XBRL is the eXtensible Business Reporting Language. XBRL is an XML-based syntax for exchanging facts that carry their own context, and that are reported against taxonomies. Today, XBRL is mostly used for submitting financial reports to regulatory authorities.
XBRL is an XML-based standard developed and promoted by XBRL International Incorporated, a not-for-profit consortium of agencies and companies.
It extensively uses XML and related technologies such as XML Schema, XLink, XPath, XML namespaces in order to reduce the uncertainty around the transmission of financial information.
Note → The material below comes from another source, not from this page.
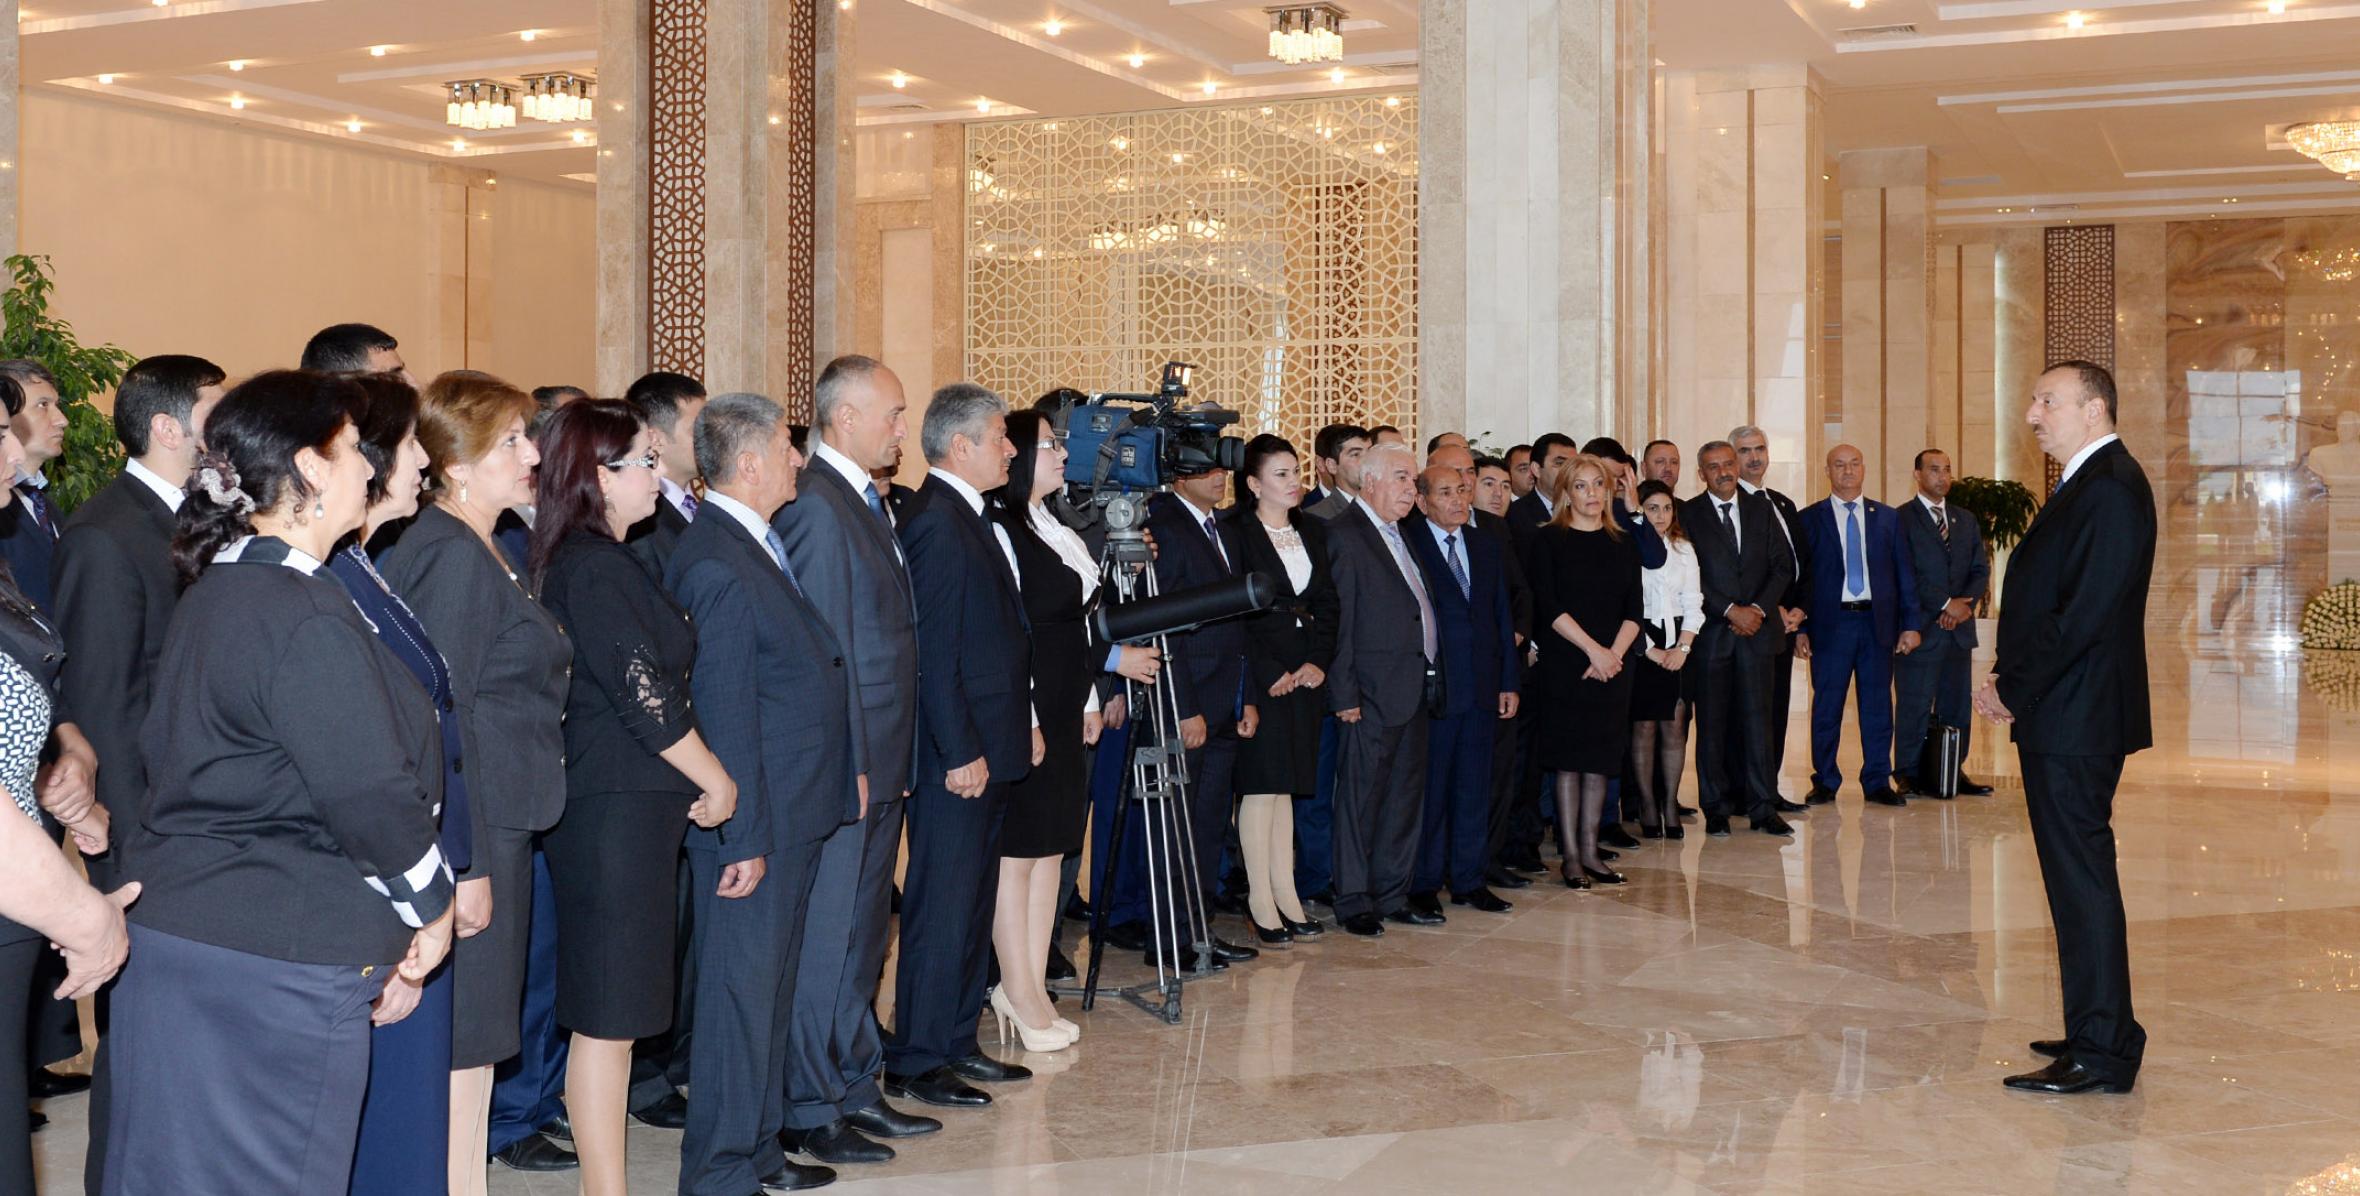 Speech by Ilham Aliyev at the opening of the Heydar Aliyev Center in Neftchala

An XBRL taxonomy defines the list of items that can be reported, and their datatypes. Taxonomy linkbases provide additional information, such as the labels that should be displayed to users (label linkbase), references (reference linkbases), dimensions (definition linkbase), validation rules (calculation and formula linkbases).
An XBRL instance is a list of facts that conforms with one or more taxonomies.
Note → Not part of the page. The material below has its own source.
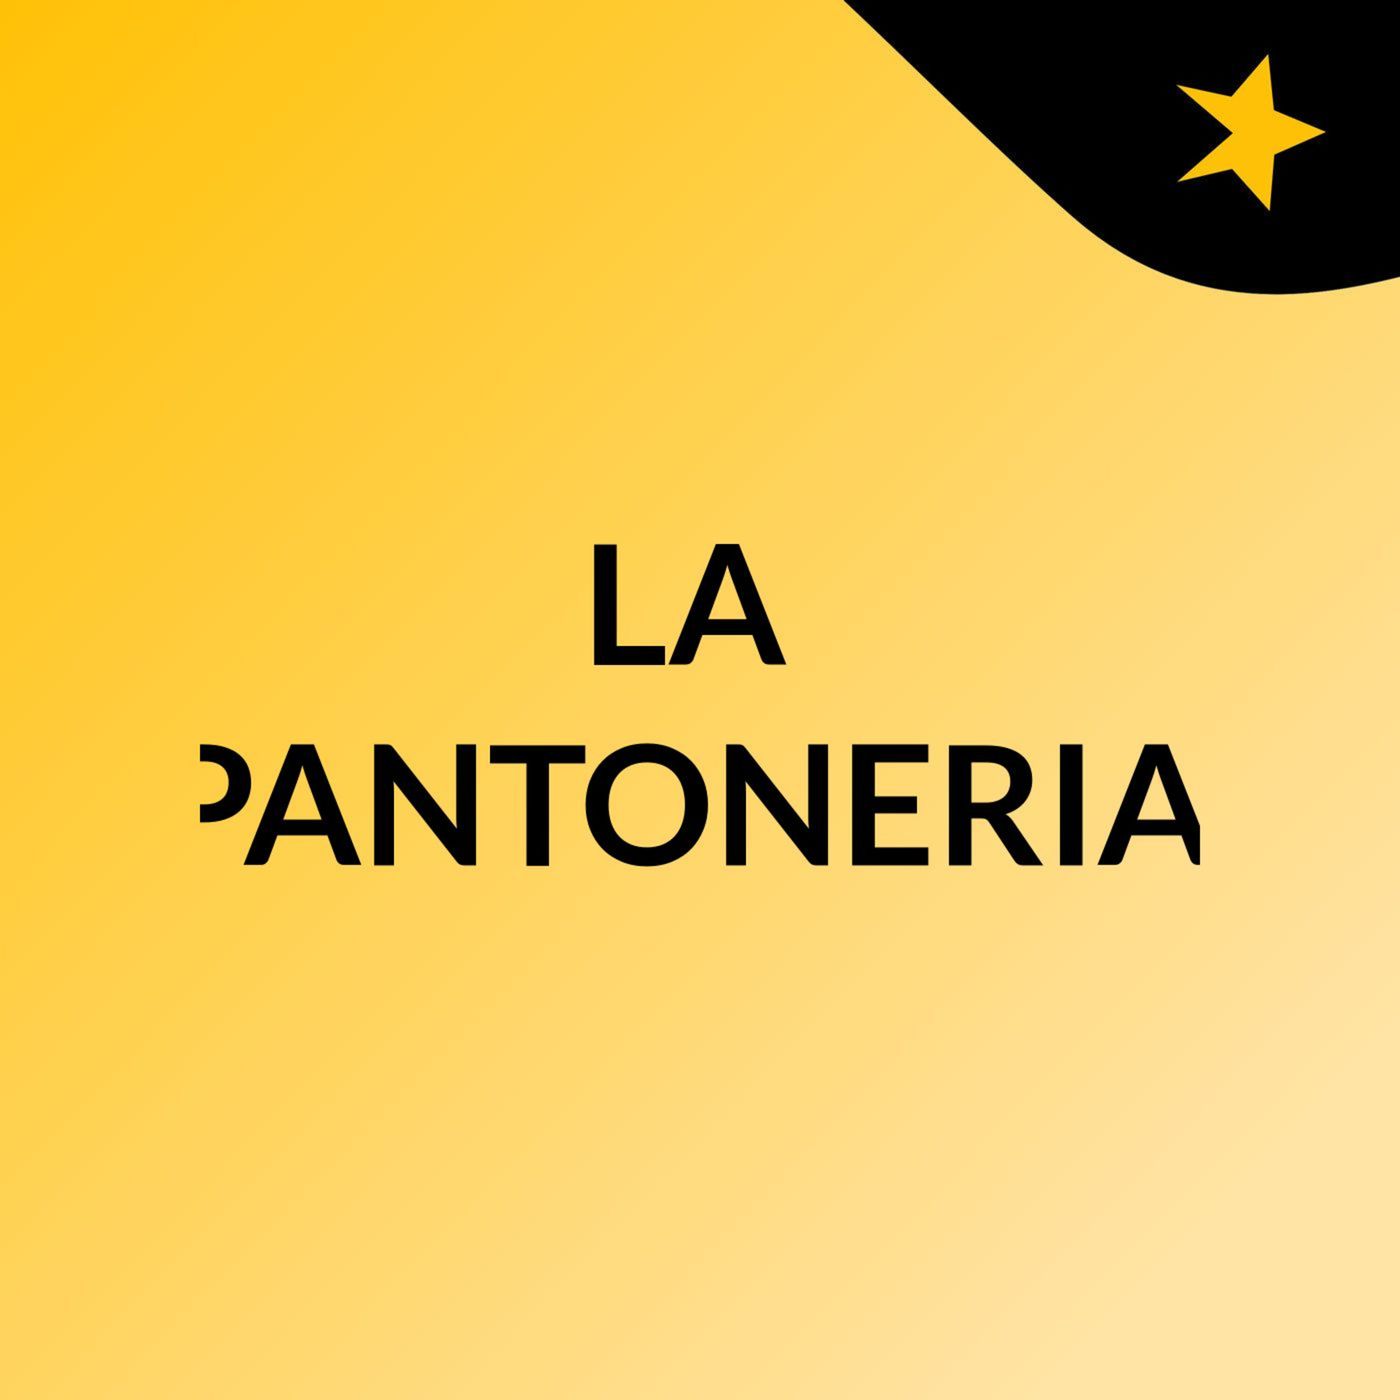 LA PANTONERIA

XBRL is used most often in a use case of financial regulation. Financial reports are provided by regulated entities to a regulatory agency. These XBRL instances typically use a 'base taxonomy' that captures the concepts of an accounting framework, such as US GAAP or IFRS. In some regulatory reporting, companies also create extension taxonomies. These extension taxonomies provide additional accounting concepts that the company uses, but which are not provided in the base taxonomy.
Base taxonomies often contain thousands of concepts, and are maintained by the owners of the intellectual property of the framework they capture. In the case of US GAAP, this is the Financial Accounting Standards Board.